Post World War 2, a rising tide of nationalism, the strengthening of communism and the end of colonialism witnessed an age of pro-independence political leaders. This was especially pronounced across Africa and Asia.
Roll forward about sixty to seventy years.
How many nations are still ruled by the same political party that fought for independence at the outset? Singapore comes foremost to mind. In contrast, the high level of volatility in the political landscape of Europe, the primary colonisers for a few centuries pre World War 2, has since witnessed a wide spectrum of political players with many different hues.
So called democracies encourage change, with parties playing off each other every few years. Historically this can lead to dictatorships, autocracy, kleptocracy, military rule and other arrangements which are a far cry from the idealistic Greek idea of democracy.
Even the Roman Republic came into aurocratic rule for a long time before the Empire collapsed and after the powers of checks and balances like in the Senate were decimated.
The implications of having too much a passion on exercising freedoms of expression in the past century can be a two edged sword. We have observed what has happened in the United States of America, which remains a highly divisive society, has gun use issues, has wealth concentrated in a few rather than the many and which is said to have been subject to excesses of interference in the electoral process.
In comparison, for some other countries, the cry to be heard for socio-political and economic justice is often ignored and suppressed - the yearning for basic freedoms here remains unfulfilled.

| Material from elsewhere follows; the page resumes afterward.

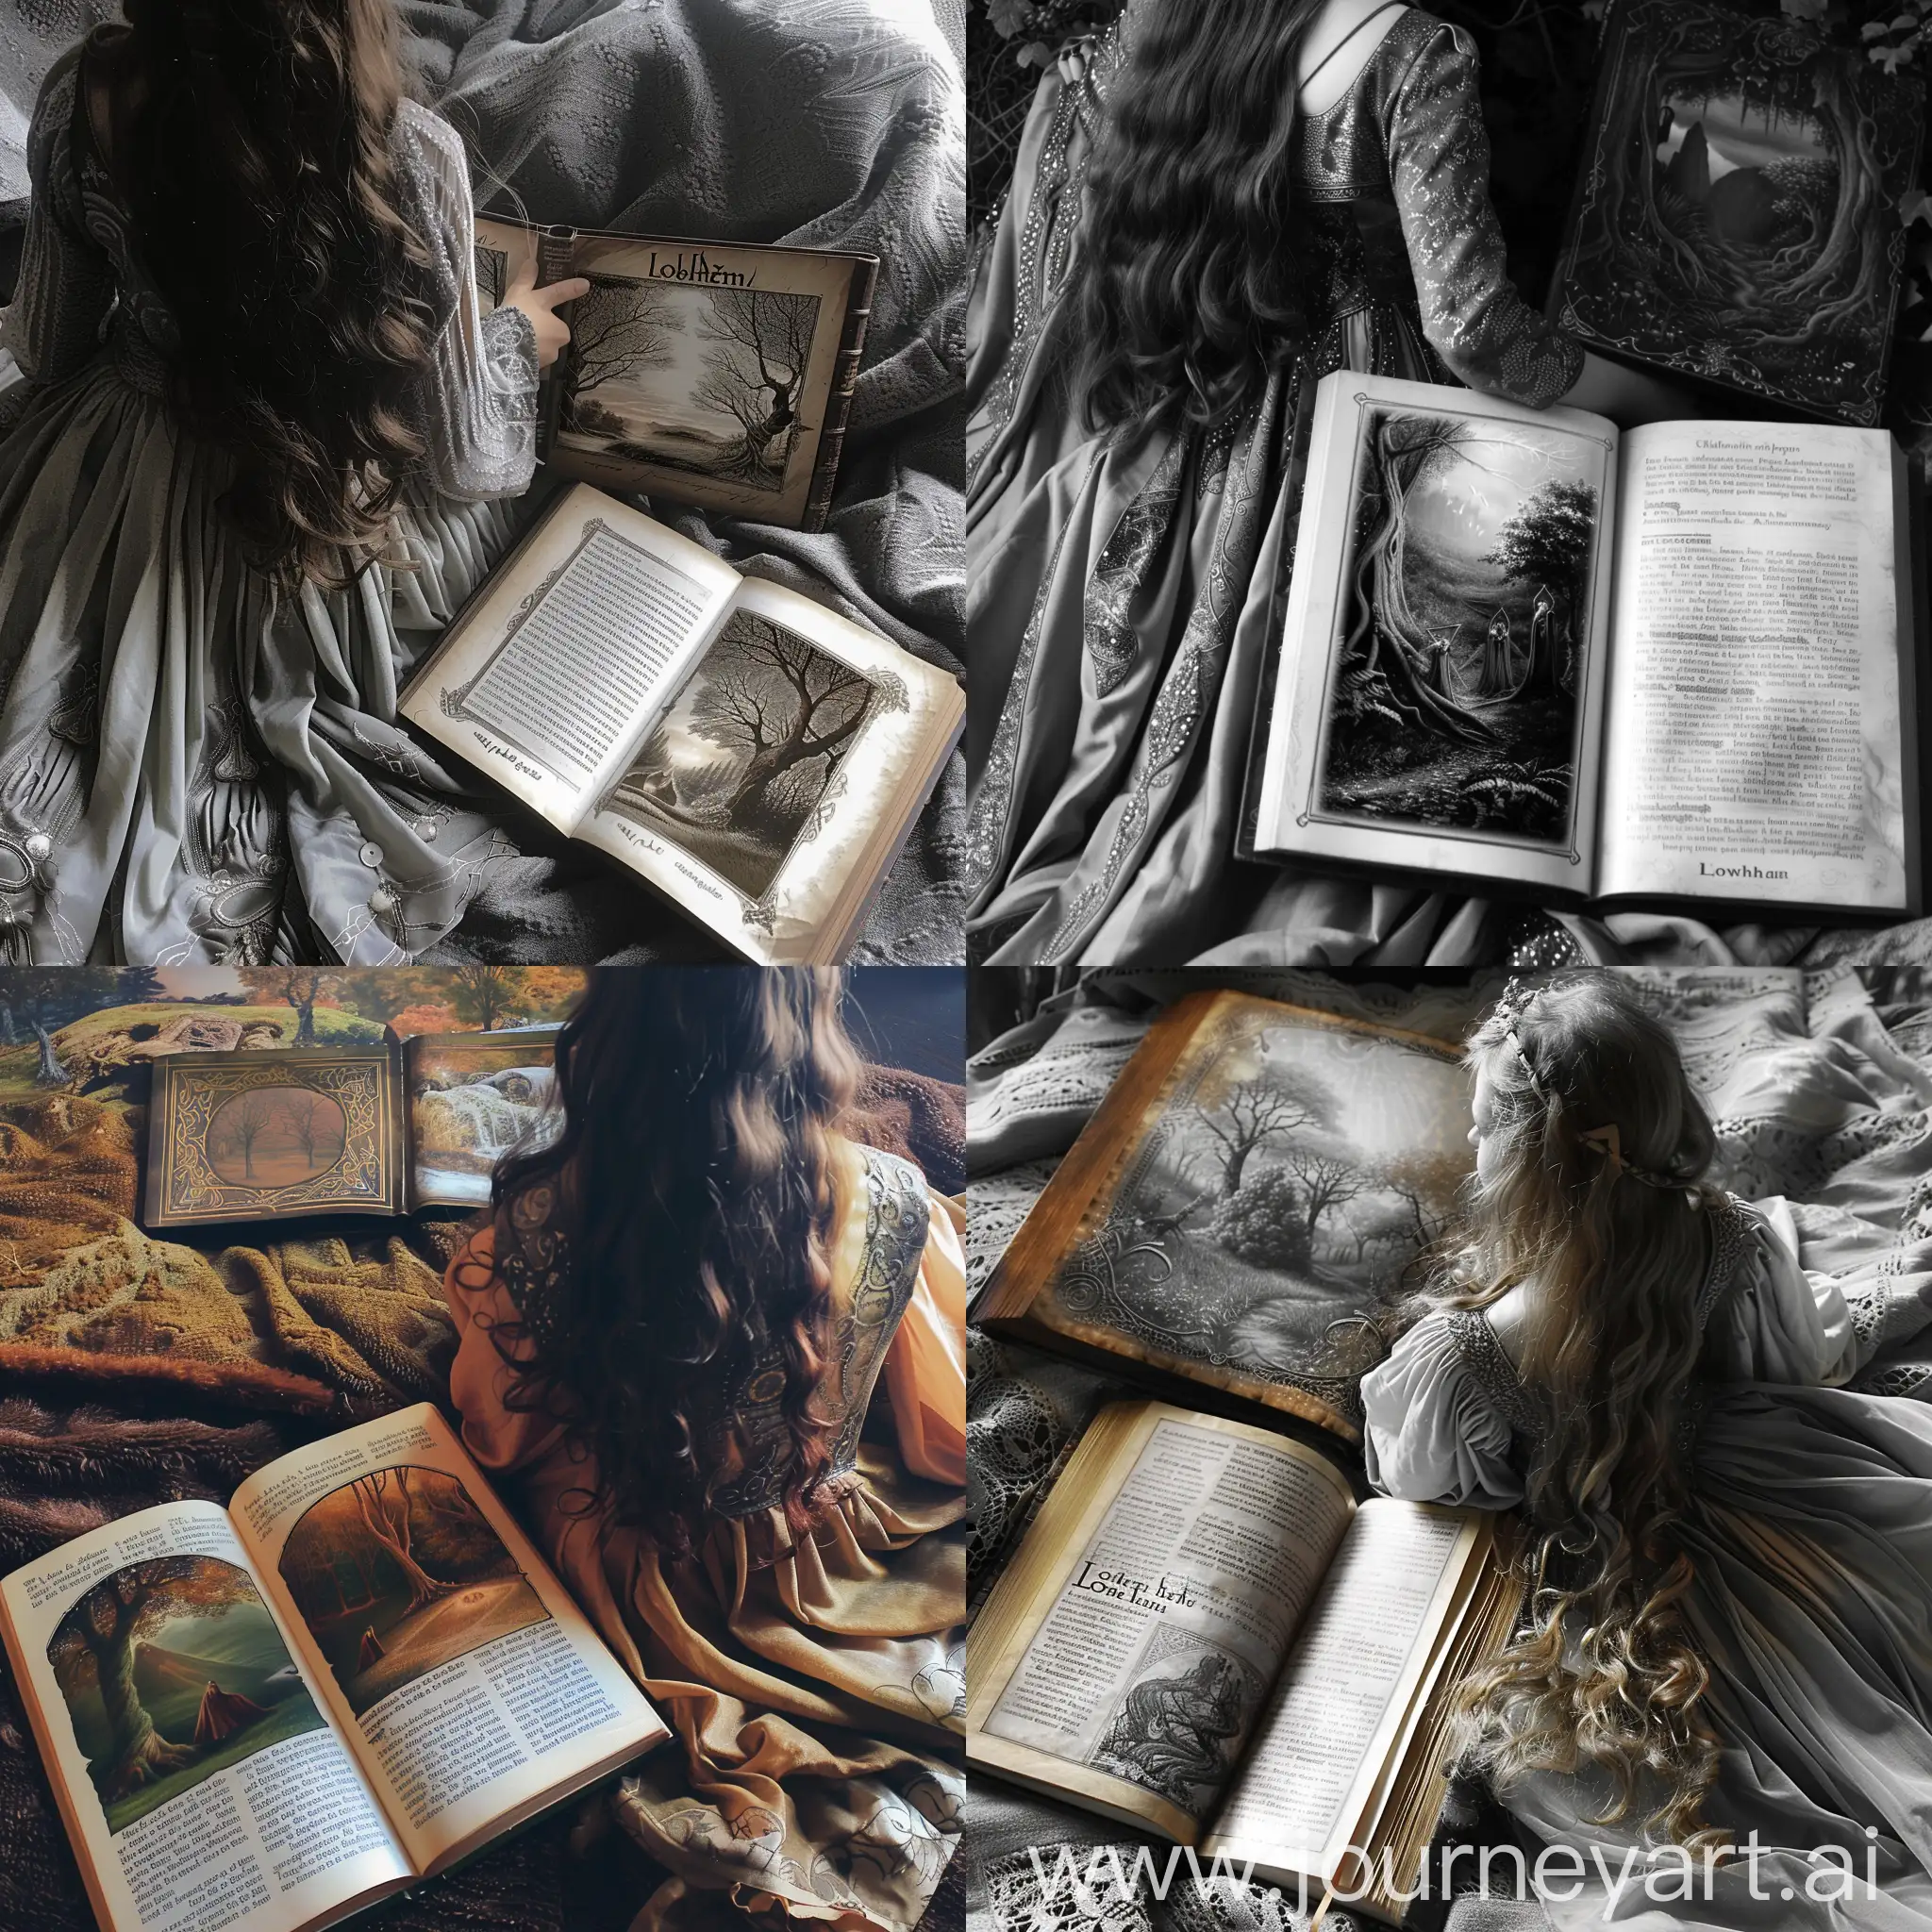 the book is open there is a picture about Lothlórien, elves and trees, a book on the girl’s lap, the girl has a long elven dress and her hair is down

The different shades of Isms in categories of government rule currently seem to be skewing towards conservative values, right wing thinking and less openness in interacting with the outside world. Globalisation has had a kick in the butt when ordinary folks lose their jobs, manufacture so little and suffer a decline in their quality of life - especially when their political leaders are not innovative enough to change economic drivers. Therefore new labels like populism now compete with long standing systems like socialism, modified democracy, capitalism and political correctness.
Yet the strong hold of royalty continues in societies as diverse as the UK, Thailand, Japan and Brunei, providing many benefits of political stability as it may draw criticism.
There are only currently six nations which hold the communist label. They are Laos, Albania, Cuba, Vietnam, China and North Korea. The progressive ones emphasise on improving the day to day wealth of their citizens whilst expecting loyalty to party.
The integration of religious faith amd political control continues to happen across the Middle East. This is remniscient of history in the European Middle Ages before the collapse of feudal thought and practices.
Malaysians used to politically associate the month of May mainly with post election racial riots in 1969. Today for the majority, there is a glow in their hearts after an astounding post election outcome 49 years later on May 9. The party that won independence from the British and had ruled thereafter was over whelmingly rejected by voters without violence and after a much maligned long term performance by the incumbent Government. Change can be possible in a positive way.